First, let's set the current revision beige to receive 100% traffic. This will ensure that your future Cloud Function deployments do not receive any traffic. By default, Cloud Functions sets 100% traffic to the revision with the latest
flag. By manually specifying that this current revision beige should receive all the traffic, the revision with the latest
flag will no longer receive 100% traffic. See documentation.

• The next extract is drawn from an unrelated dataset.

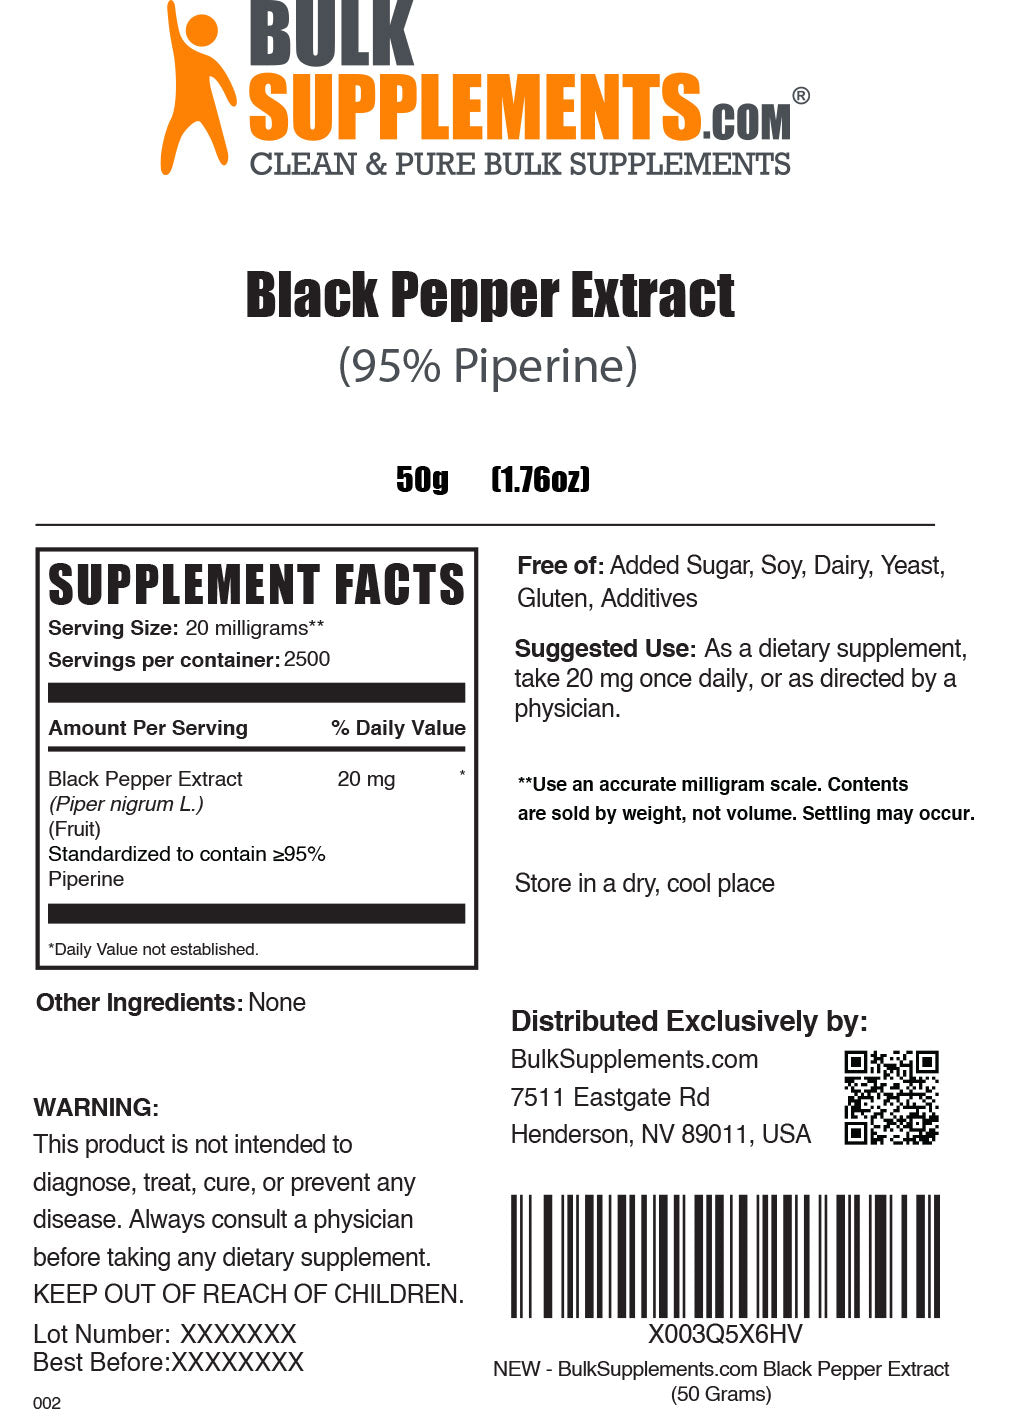 Black Pepper Extract (95% Piperine) Powder

# get the revision name BEIGE_REVISION=$(gcloud run revisions list --service gradual-rollouts-gcf \ --region $REGION --format 'value(REVISION)') # now set 100% traffic to that revision gcloud run services update-traffic gradual-rollouts-gcf --to-revisions=$BEIGE_REVISION=100 --region $REGION
You'll see output similar to Traffic: 100% gradual-rollouts-gcf2-00001-yox
Now you can deploy a new revision that will not receive any traffic. Instead of making any code changes, you can update the BG_COLOR environment variable for this revision.
To deploy a Cloud Run function directly onto Cloud Run, run the following command:
# update color BG_COLOR=lavender # deploy the function that will not receive any traffic gcloud beta run deploy gradual-rollouts-gcf \ --source . \ --function helloWorld \ --region $REGION \ --no-allow-unauthenticated \ --update-env-vars BG_COLOR=$BG_COLOR
If you prefer to deploy as a Cloud Functions 2nd gen, use the following command:
# update color BG_COLOR=lavender # deploy the function that will not receive any traffic gcloud functions deploy gradual-rollouts-gcf \ --gen2 \ --runtime nodejs20 \ --entry-point helloHttp \ --source . \ --region $REGION \ --trigger-http \ --no-allow-unauthenticated \ --update-env-vars BG_COLOR=$BG_COLOR \ --tag $BG_COLOR
Now update the SERVICE_URL environment variable to use the gradual-rollouts-gcf function
SERVICE_URL=$(gcloud run services describe gradual-rollouts-gcf --platform managed --region $REGION --format 'value(status.url)')
and now when you curl the service
curl -H "Authorization: bearer $(gcloud auth print-identity-token)" -X GET $SERVICE_URL
you will see the beige color, even though lavender was the most recently deployed revision.
<html><body style="background-color:beige;"><div><p>Hello from gradual-rollouts-gcf-24jan16-staging-2-00001-kop using color beige</p></div></body></html>
Test a Revision serving 0% traffic
Suppose you have verified that your revision deployed successfully and that it is serving 0% traffic. Even though it has passed health checks, you still want to verify that this revision is using the lavender background color.
To test the lavender revision, you can apply a tag to that revision. Tagging allows you to directly test the new revision at a specific URL, without serving traffic.
First, get the image URL for that revision.
IMAGE_URL=$(gcloud run services describe gradual-rollouts-gcf --region $REGION --format 'value(IMAGE)')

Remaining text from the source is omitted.